Goggins: My wife has always had a voice that deserves a seat at that table, but I just didn’t know that I fit in that world. And if I was going to do it, I’d have to do it my way.
Conners: You changed Sammy. He brought him to life in a way that gave Rose so much more to react to. And he brought a necessary edge and a feeling of being an outsider, of having to impress this woman.
Goggins: Well, I’ve spent 20 years of my life trying to impress you, Nadia.
Q: What do you think Helen’s interruption of this party ultimately means?
Goggins: What it says to me is that “The Uninvited” is really about an invitation to participate fully in your life.
Conners: I love that. You’ve never said it exactly like that before. Quickly, go put it on the poster.
Goggins: Please give me credit for that.
Q: Nadia, how much is this a personal movie about being a mother and a woman, and how much is it a broader indictment of Hollywood and society?
Conners: It’s both of those things. It’s not an autobiography — I’ve never been an actress — but I was so bewildered by the struggle of becoming a mother in our culture. I did stay at home to take care of our child and what I missed most was a version of myself.

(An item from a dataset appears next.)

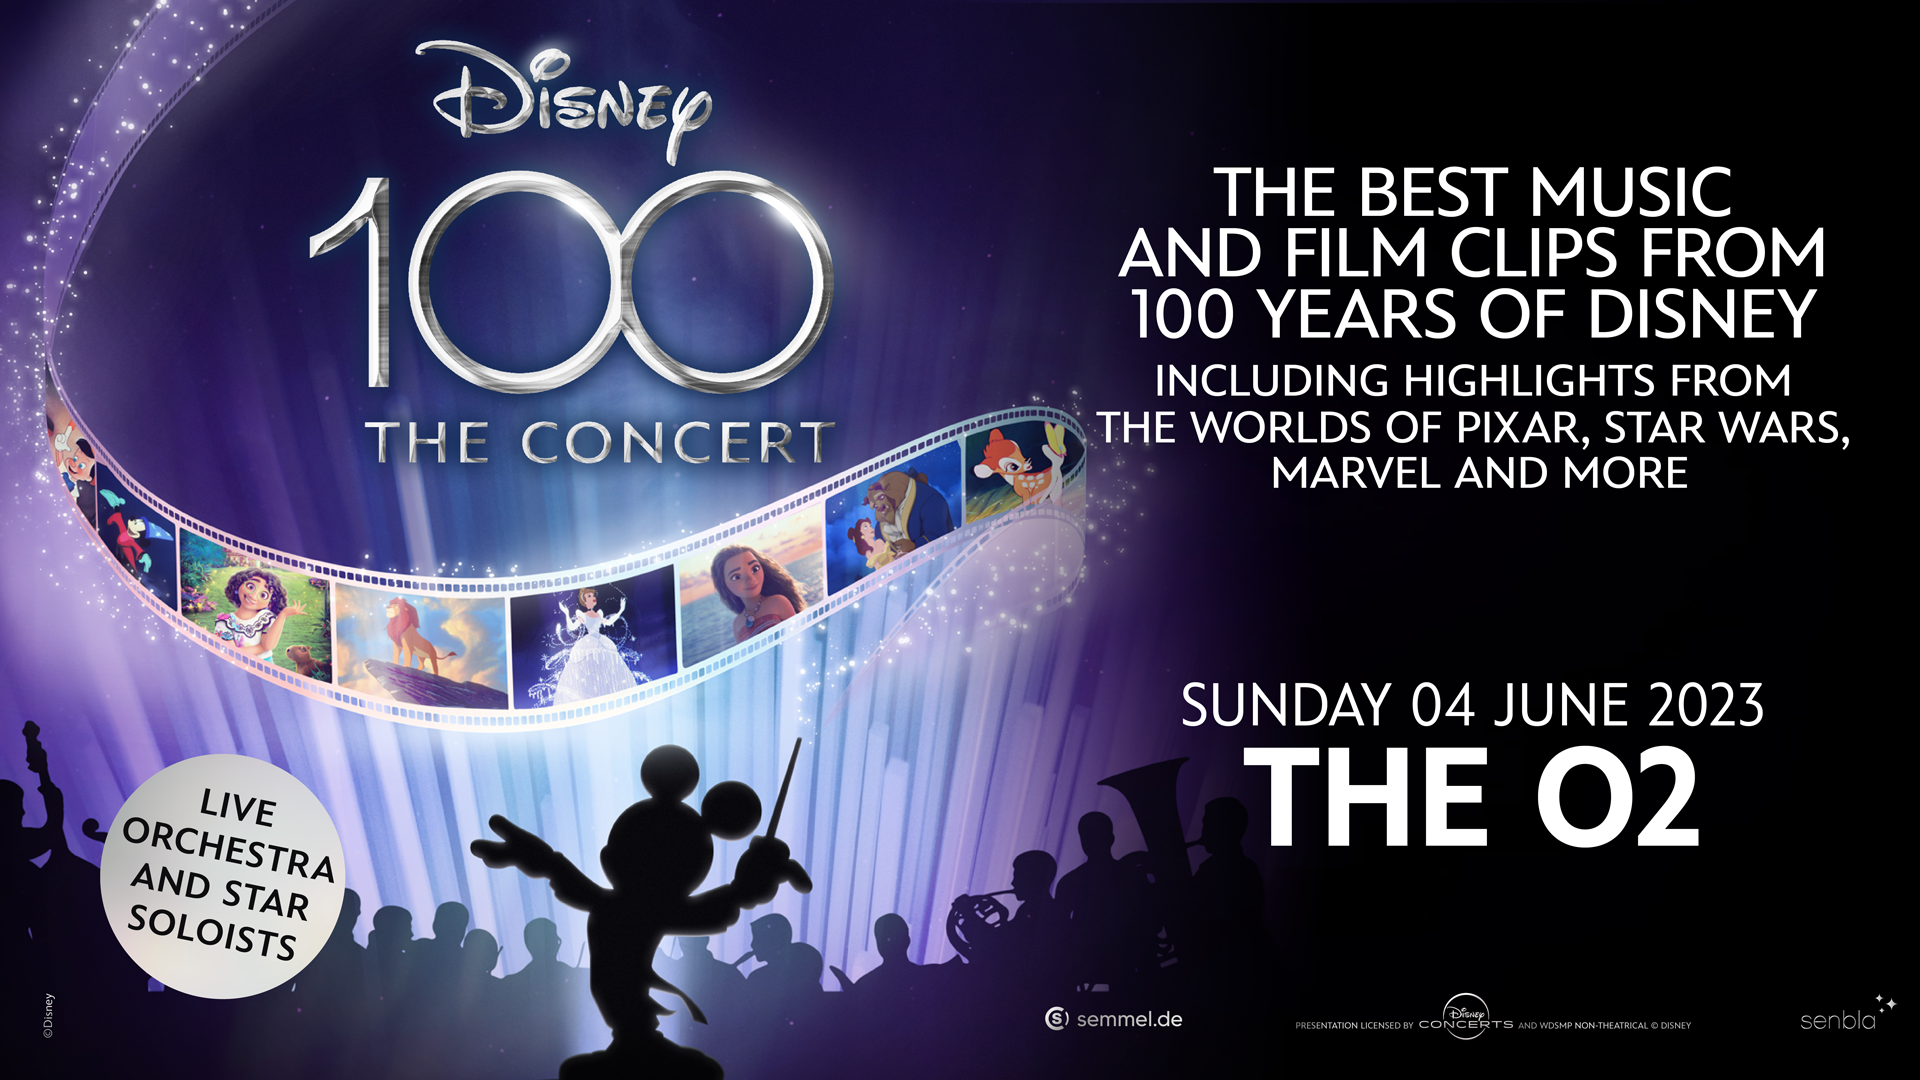 Disney 100: le Concert Evénement
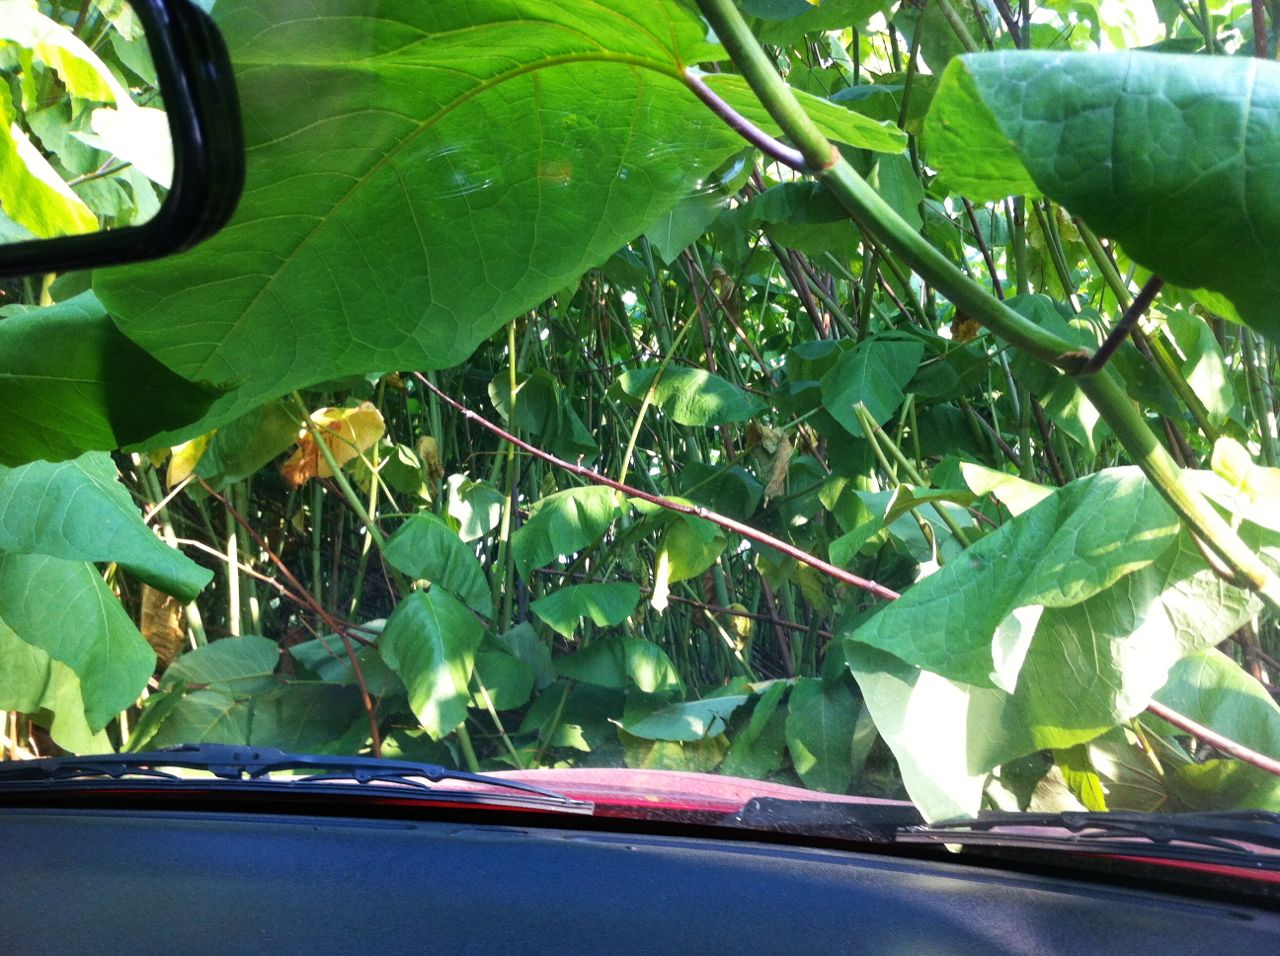 Med bilen i en "djungel"

I was already writing a play about isolated mothers in cubicles texting each other when that old woman showed up at our house in real life. And she showed me this multigenerational disorientation that strikes lonely women.
I like writing about Los Angeles and the contradiction between the promise of the city and the reality of its failures. And the way the industry ages women out. Pedro’s character, Lucian, is about to play the same role in a movie that he played in the theater years earlier — but with a younger actress. (Rose earned acclaim opposite him onstage but isn’t even offered an audition this time around.) For women, there are fewer second chances like that.
Q: Ultimately, I felt like it was also about the ability to find, give and receive grace.
Conners: Oh, that makes me want to cry. Please write that this was the reason I wrote the movie.
There’s a secondary theme about teaching our children about the hero’s journey in the post-religious West. Rose makes up a story for her son about a starfish who becomes a star, and slowly that story expands into all the characters’ consciousness. Then you have Rufus’ character, Gerald, who directs this movie that makes a billion dollars and has these little toys, and he thinks he’s God.
So you have this diametric opposition between a very small female story and this really big grandiose male one but they intersect at the end when everyone comes together and they all accept that Helen is in the place that she needs to be, participating in the illusion because it feels true in the moment and gives her grace. That word is the only version of the religious experience that you can hope for in this post-religious society — to feel that grace and to let go of your superficial concerns in the moment.
Goggins: We all want to be seen. We all want to be heard. When Sammy comes back into the room and sees things from Rose’s perspective, really sees and hears her by participating in Helen’s story and saying, “I’m fully here and I should have been listening to your story,” it’s the apology she needs. And for Sammy, he is allowing himself to fully participate in his life for the first time.
Q. You obviously didn’t film in your own home, but you did make the house feel like a character. How did this come about?
Goggins: Our home was a mile away from the home that we shot in, and we had many parties there.
Conners: Our parties were more fun than the one in the movie. And our home in L.A. did not look like that home, but it had a similar nostalgic vibe. We did redecorate the interior.
The home in this movie is a character — it’s the place that Sammy can’t wait to get out of and the place that Helen wants to get back into, with Rose stuck in the middle.
Goggins: This home belongs to our dear friends who gave it to Nadia at a price that was a fifth of what would’ve normally been rented for, which allowed us to make the movie. Nadia had only $800,000 for the budget and 15 days to shoot.
Conners: It was insane. I’d wake up in the middle of the night a lot thinking, one more day. Just give me one more day.